In July, the government proposed amendments to the Income Tax Act to implement parts of the 2018 federal budget for both personal and business tax.
The Joint Committee on Taxation of the Canadian Bar Association and Chartered Professional Accountants of Canada commented on the proposed amendments in September.
In the 2018 budget the federal government announced its intention to impose a new filing obligation on certain trusts that would require the trusts to report the identity of all trustees, beneficiaries and settlors of the trust, and each person who has the ability to exert control over trustee decisions.

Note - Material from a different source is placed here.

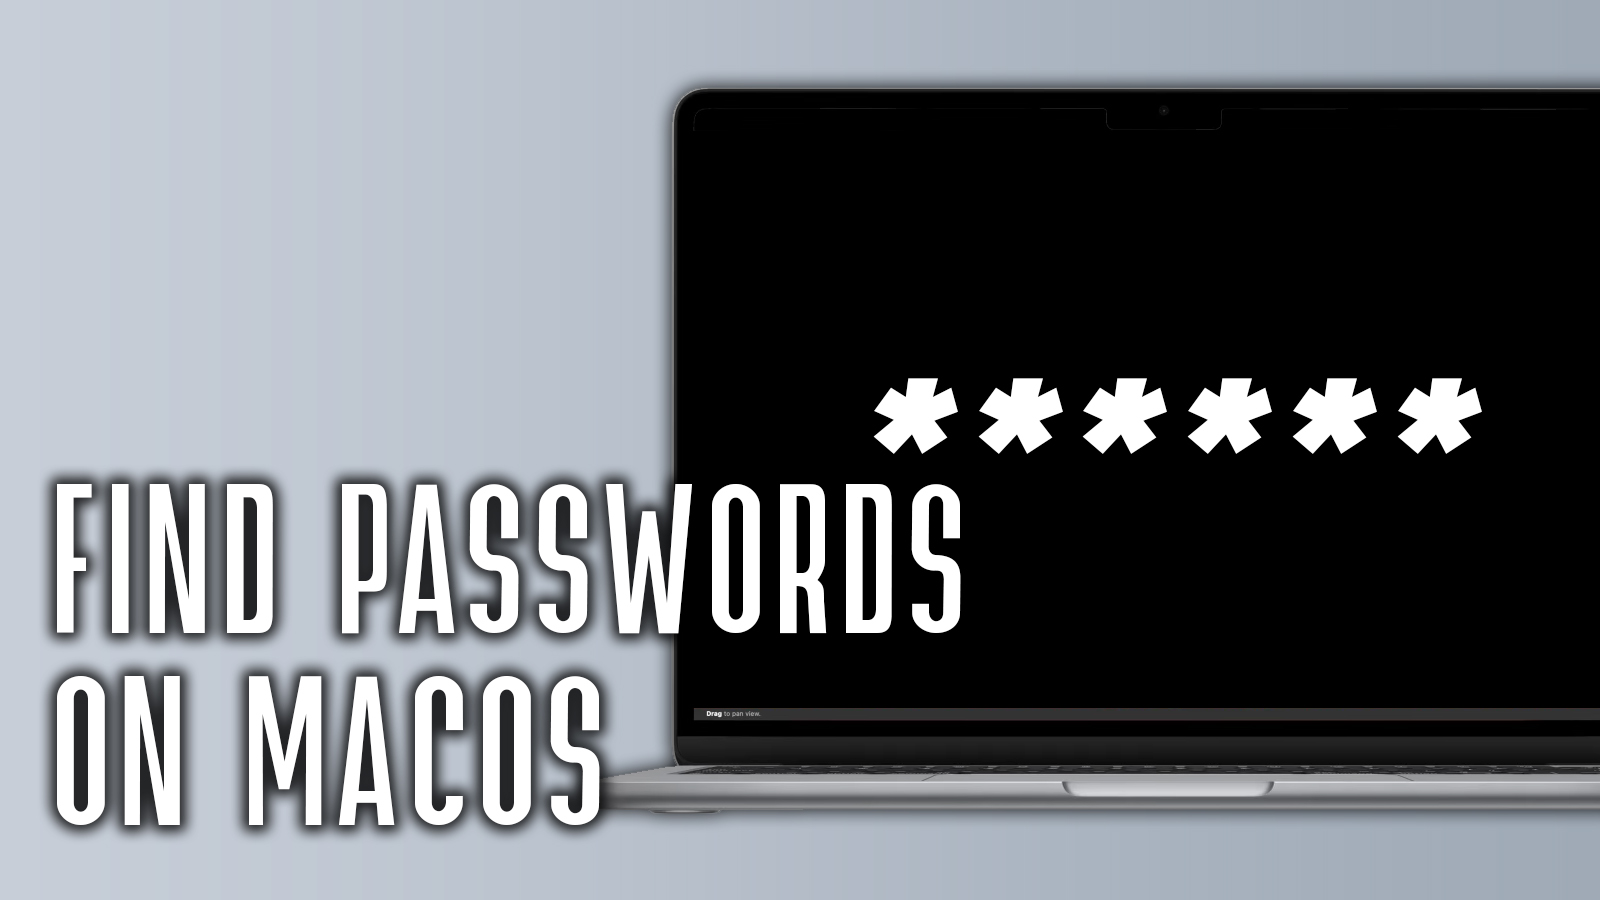 Easy methods to discover saved passwords on Mac (2022) – Egaxo

Exceptions included lawyers’ general trust accounts.
“The Joint Committee understands and fully acknowledges the legitimate interest of CRA in obtaining sufficient information to assess taxpayers’ liabilities,” the Committee says in its submission.
“Nonetheless, we believe that, in some respects the proposals are disproportionate. We believe that, due to the narrowness of the exceptions … onerous compliance obligations will be imposed in some situations that are realistically very unlikely to produce meaningful information for CRA.”

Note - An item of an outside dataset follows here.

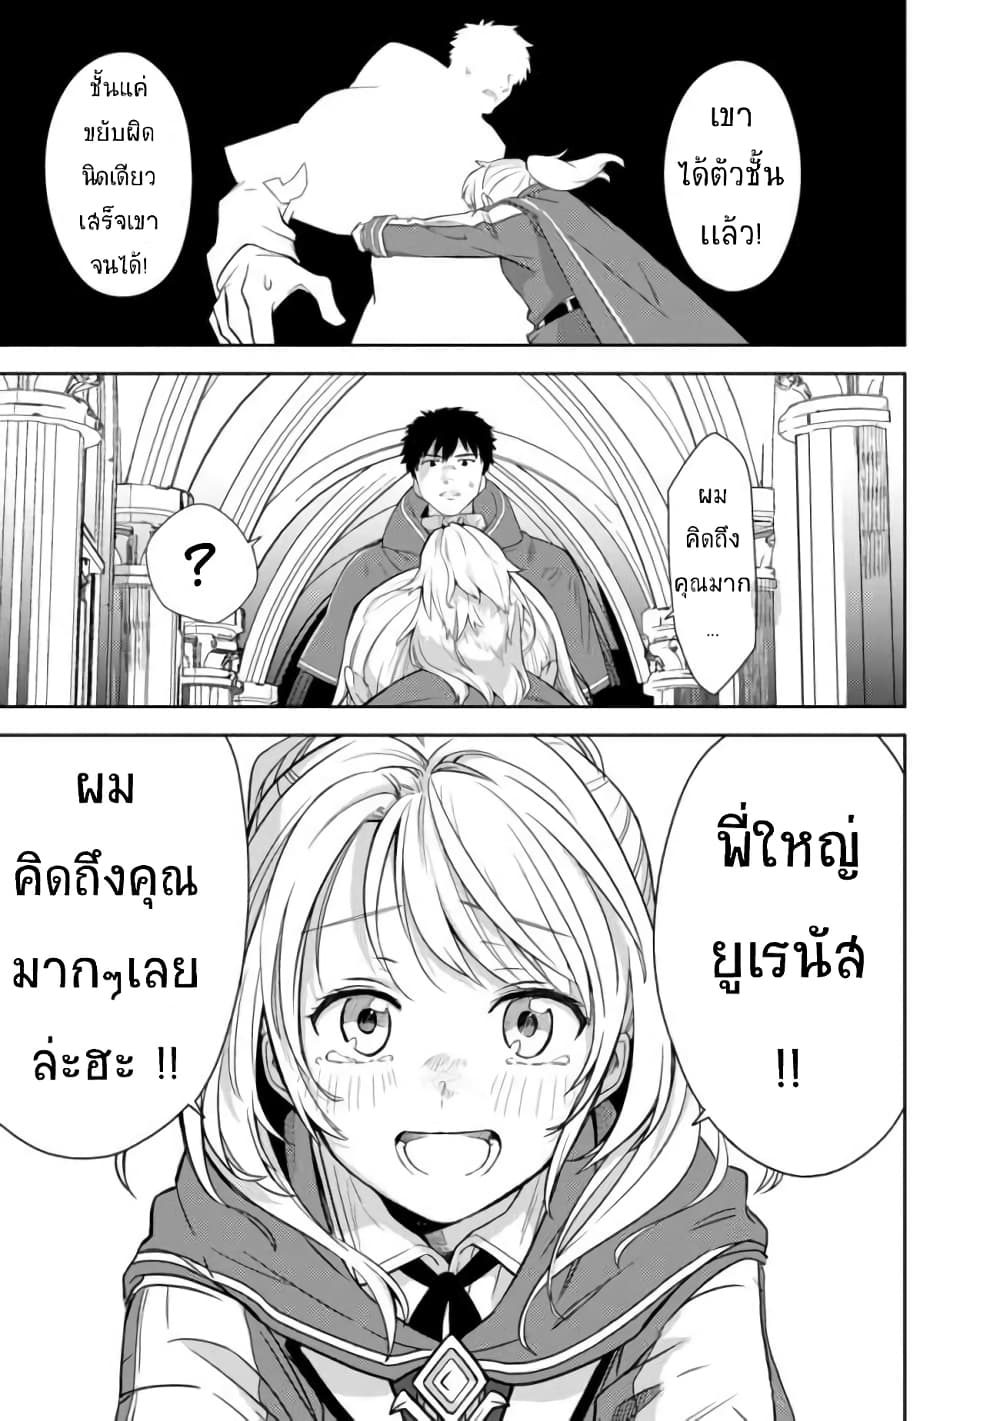 The Reincarnated Swordsman With 9999 Strength Wants to Become a Magician! ตอนที่ 1. 2 (35)

The Joint Committee makes a number of recommendations for the proposed amendments to personal taxes, including questioning the CRA’s plan to exempt trusts whose fair market value is less than $50,000, calling the dollar value arbitrary and noting that “fair market value” can fluctuate from day to day and would have to be checked continuously. The amendments would exempt trusts that exist for less than three months, which the Committee says should be changed to six months, or to no time limit at all if the purpose of the trust is to “secure a potential contractural claim in the context of an arm’s-length transaction for the purchase or sale of a business.” It also recommends extending that time limit for testamentary trusts.
The Joint Committee would also like to see an exemption for trusts holding family-owned personal-use property.

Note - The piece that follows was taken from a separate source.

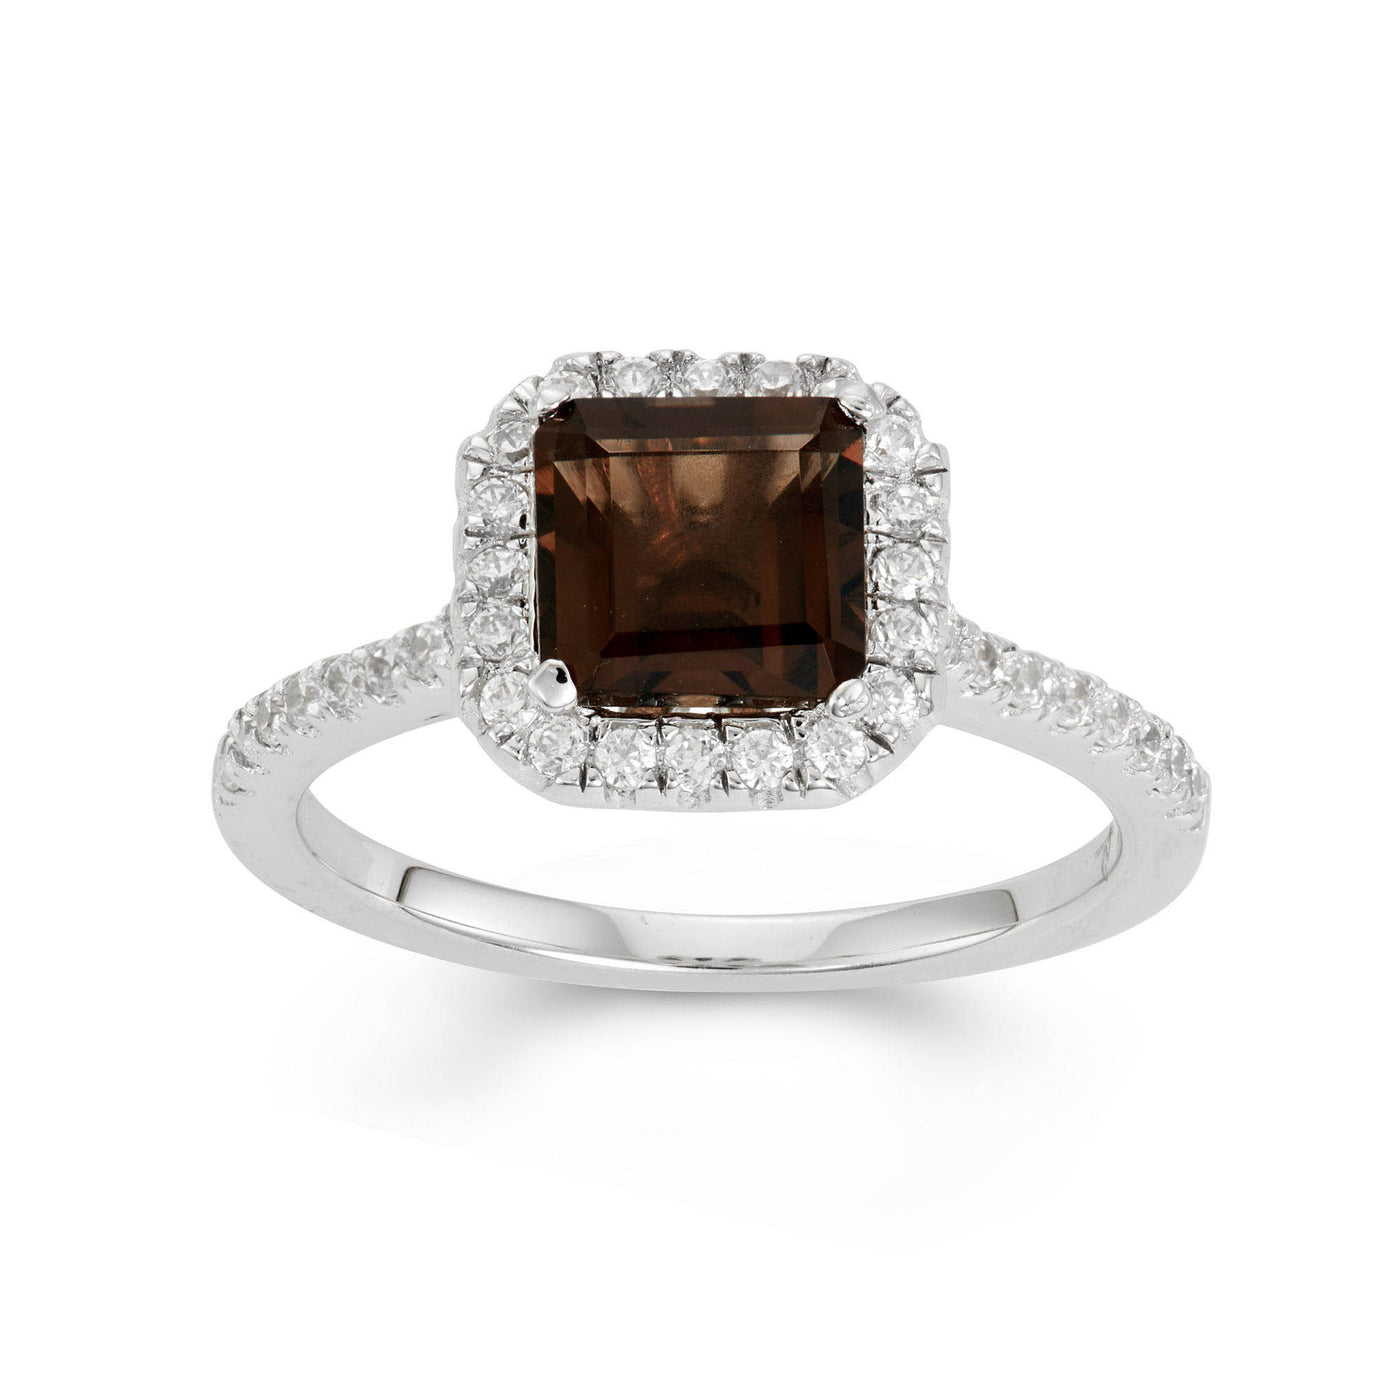 Rebecca Sloane Silver Ring With 8mm Square Cut Smoky Topaz

In terms of business income tax amendments, the Joint Committee revisits a letter sent to the government in January discussing tiered partnerships. It offers two possible alternatives to the proposals to address the Finance Department’s concerns.
“We believe that the current provisions of the Act create various undesirable burdens on taxpayers using such structures, and that the proposed amendments … will exacerbate those burdens. We submit that the functioning of the Act could be improved to reduce such burdens on taxpayers and at no revenue cost to governments.”
The Joint Committee notes that it is in ongoing talks with Finance officials regarding international tax measures. The submission comments on cross-border surplus stripping using partnerships and trusts. It also identifies specific issues with proposed measures dealing with tracking arrangements used by “certain groups of Canadian taxpayers” to avoid controlled foreign affiliate status.
“We are concerned that these proposed mechanical rules, having no connection to tax avoidance, are apt to give rise to other anomalous outcomes that cannot be predicted now, and we would therefore urge finance to consider changing the text of the provisions so they are clearly anti-avoidance rules, consistent with the narrative in Budget 2018.”